FALUN, Sweden -- Canada's men's cross-country ski team will head home from the World Cup circuit a little heavier than it arrived, thanks to a record medal haul.
Len Valjas of Toronto raced to a bronze medal in the men's 15-kilometre classic mass start race at the World Cup finals Saturday, amid the most successful season in the history of the men's program.
The 22-year-old -- the team's youngest member -- crossed just 1.3 seconds behind winner Dario Cologna of Switzerland.
"I'm not sure how I'm doing all this," Valjas said. "We had a great training camp in Italy last month and I've just been building from that. I just can't ask for anything more right now."
The six-foot-six Valjas won a silver medal last week, and then followed it up with a bronze on Wednesday. Saturday's podium performance made it 13 for Canada on this World Cup season.
"Now this is truly amazing," said Canadian coach Justin Wadsworth. "I am a bit blow away. It is unreal."
With the world's top skiers battling for bonus points on the course that climbs the punishing Mordarbacken hill, Valjas stuck to his gameplan and picked off his competitors as they tired down the home stretch.
"I felt so good on the final gradual climb," said Valjas, who was sixth entering the final stretch. "I just stuck to my pace and didn't waste energy going for the bonuses.

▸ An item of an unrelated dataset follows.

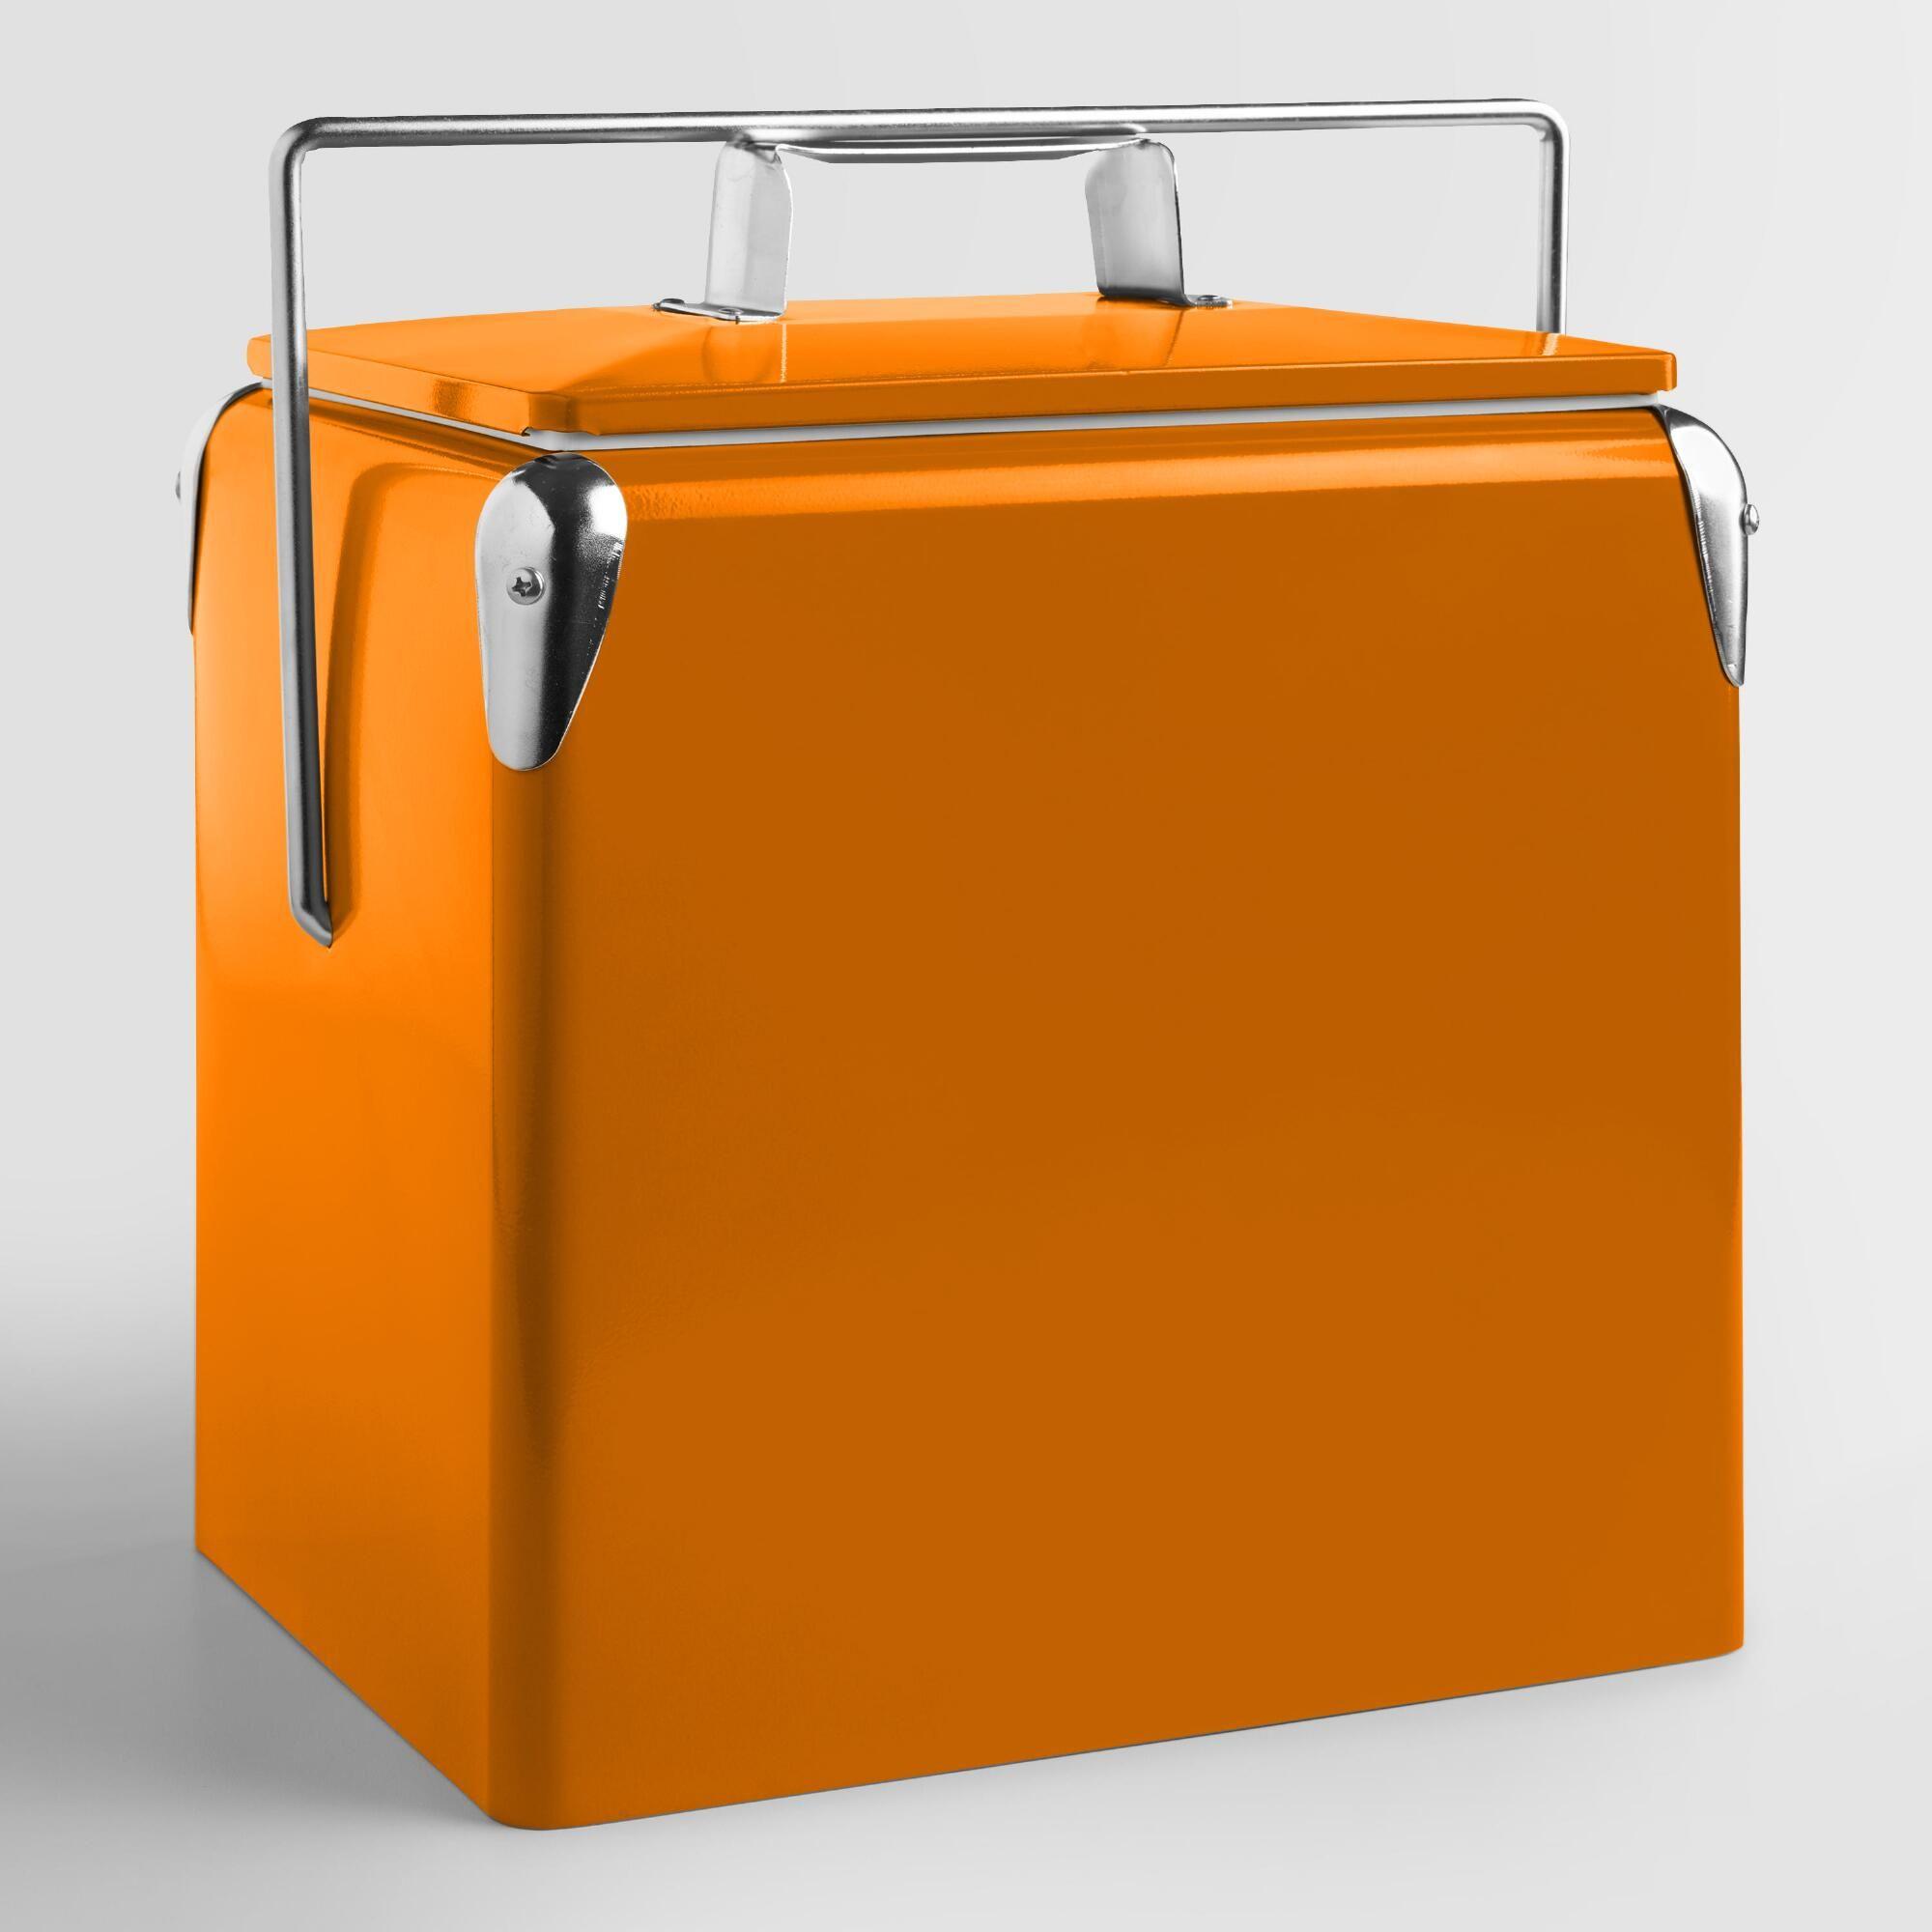 Orange Retro Drink Cooler Retro cooler, Beverage cooler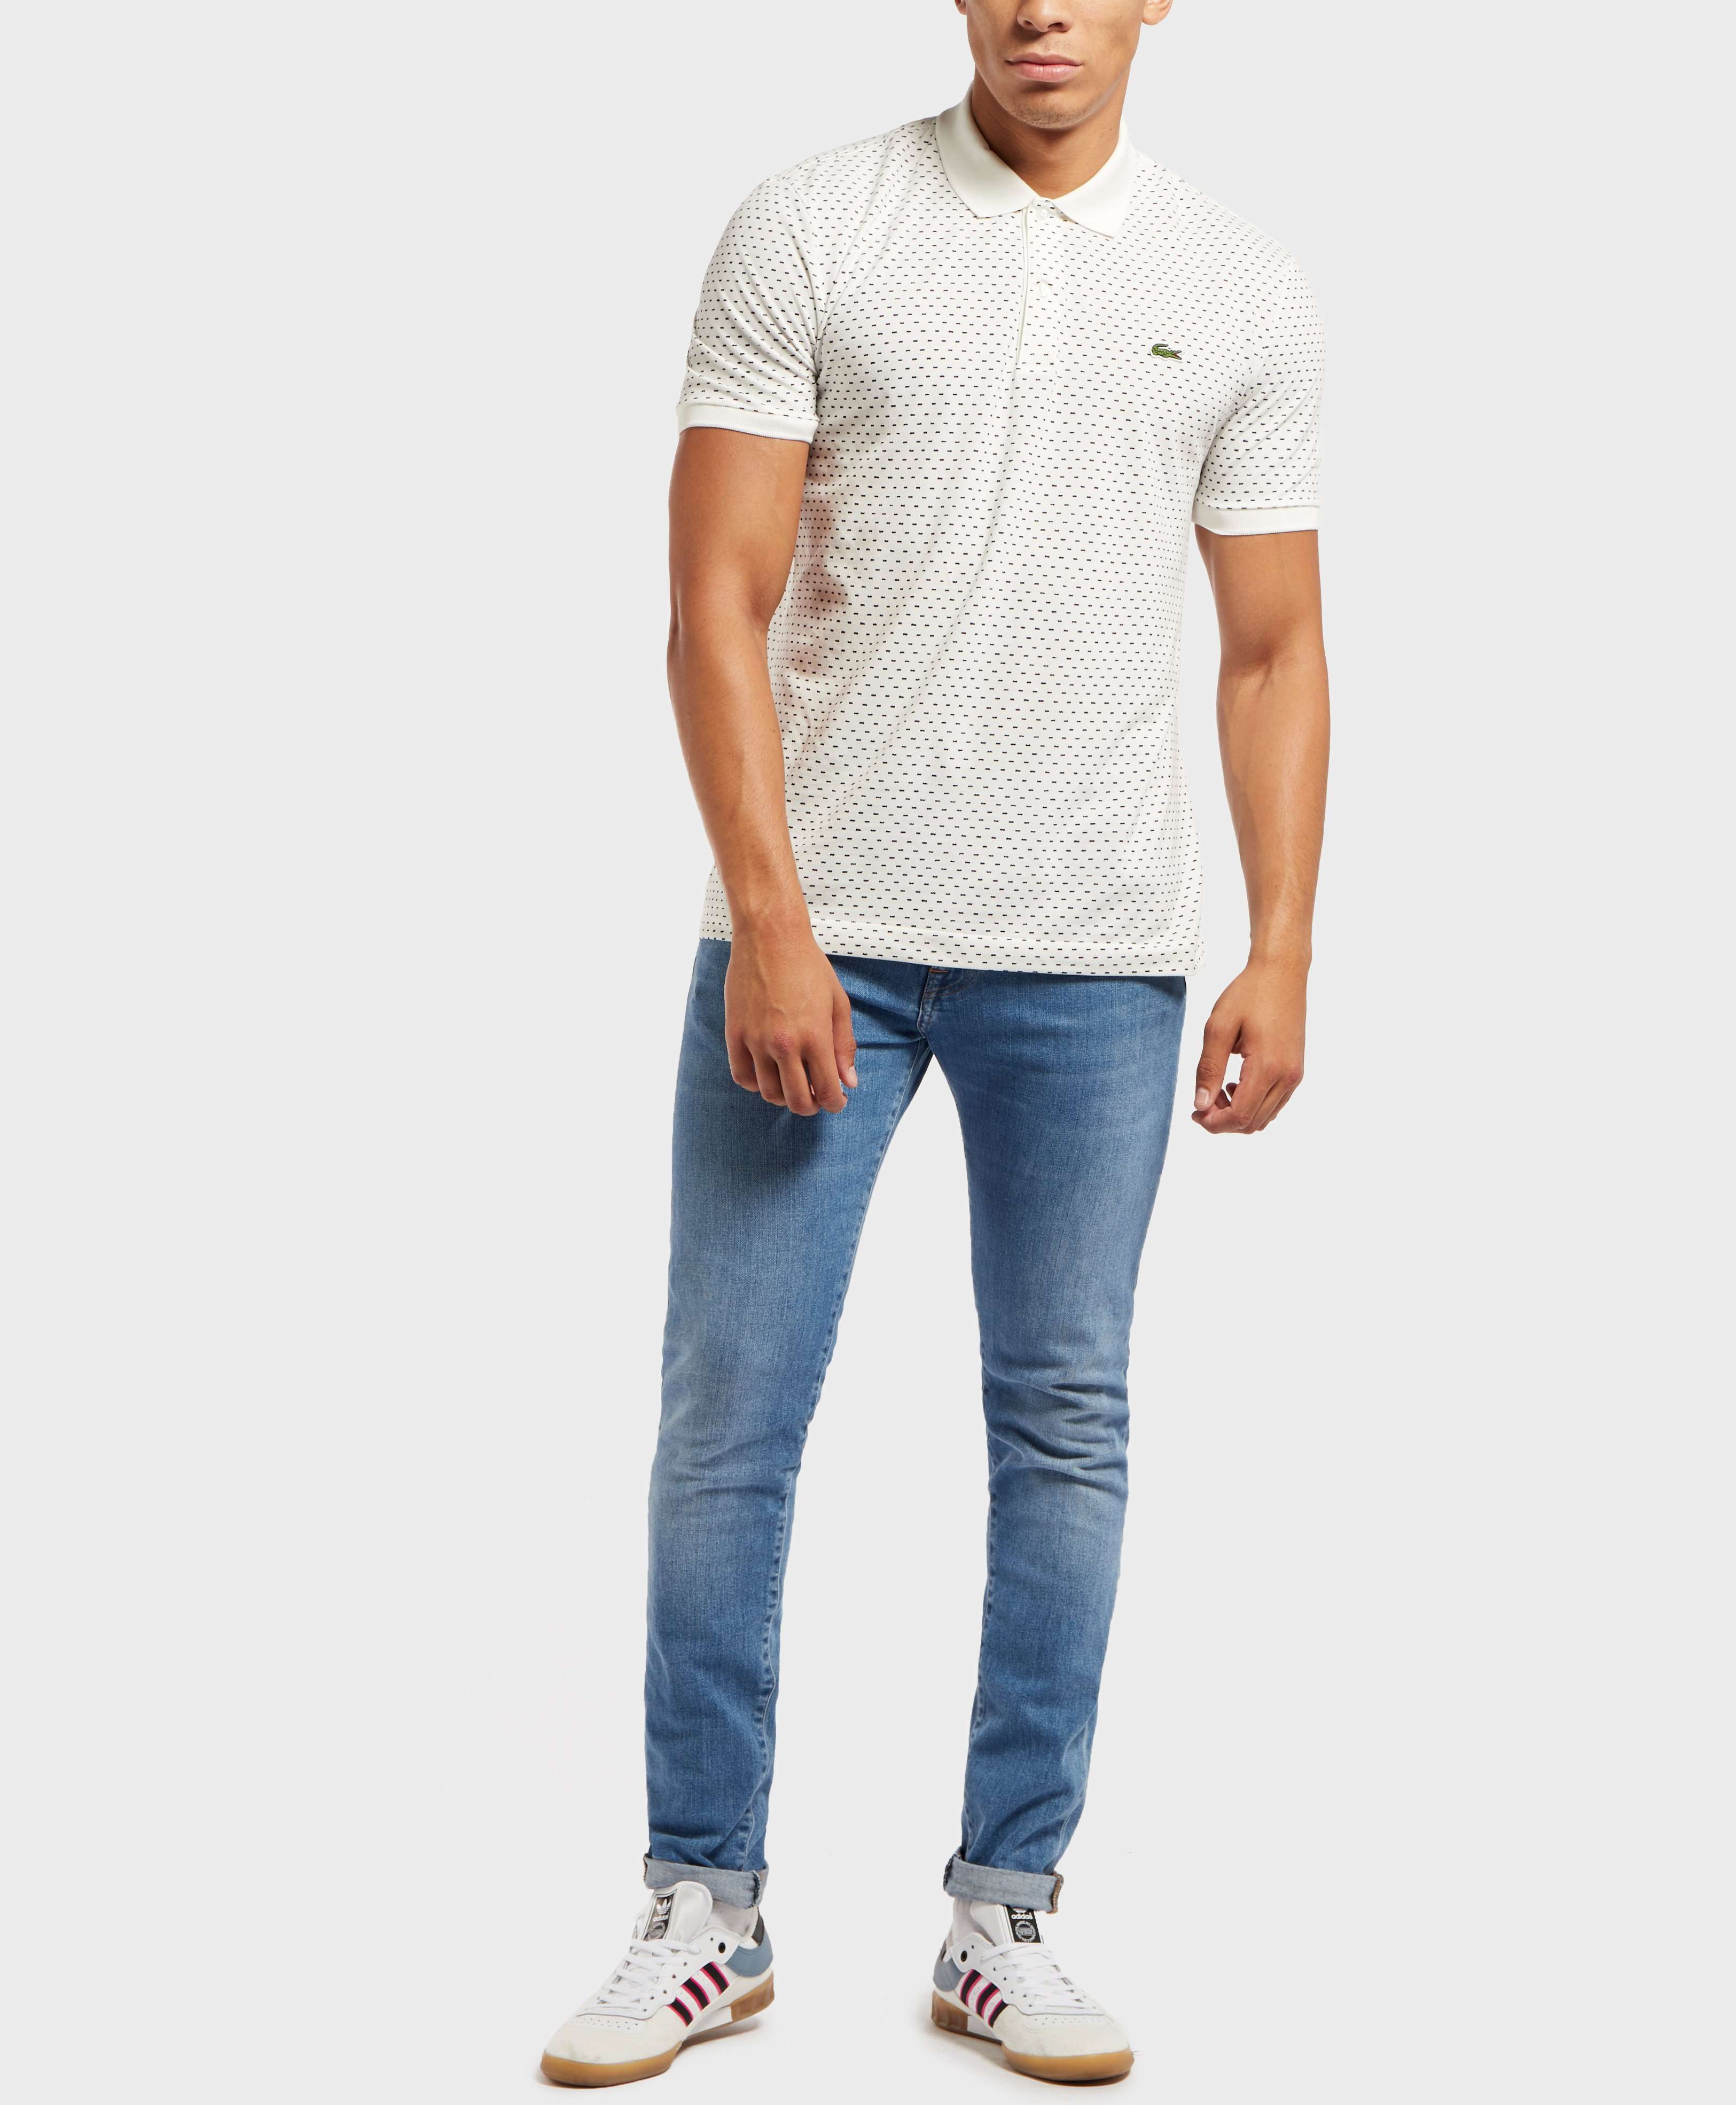 Lacoste Dash Print Short Sleeve Polo Shirt - Exclusive

"Coming into the finish people started dying. I just tried to pick as many off as I could. When I got to fifth and fourth, it was just an unreal feeling."
The bronze comes a day after Alex Harvey and Devon Kershaw made Canadian cross-country ski history. Harvey won Friday's men's classic prologue while Kershaw claimed bronze -- the first time two Canadians had shared the podium in a cross-country World Cup race.
Kershaw, from Sudbury, Ont., was fifth on Saturday, and is poised to finish second in overall World Cup standings following Sunday's final race.
Harvey, from St-Ferreol-les-Neiges, Que., was 18th.
Cologna, already the overall World Cup winner, finished the third of four stages in 43 minutes 14.9 seconds.
In a close-run finish, he beat Norwegian Eldar Roenning into second place, 0.4 back.
The concluding 35-kilometre race is on Sunday.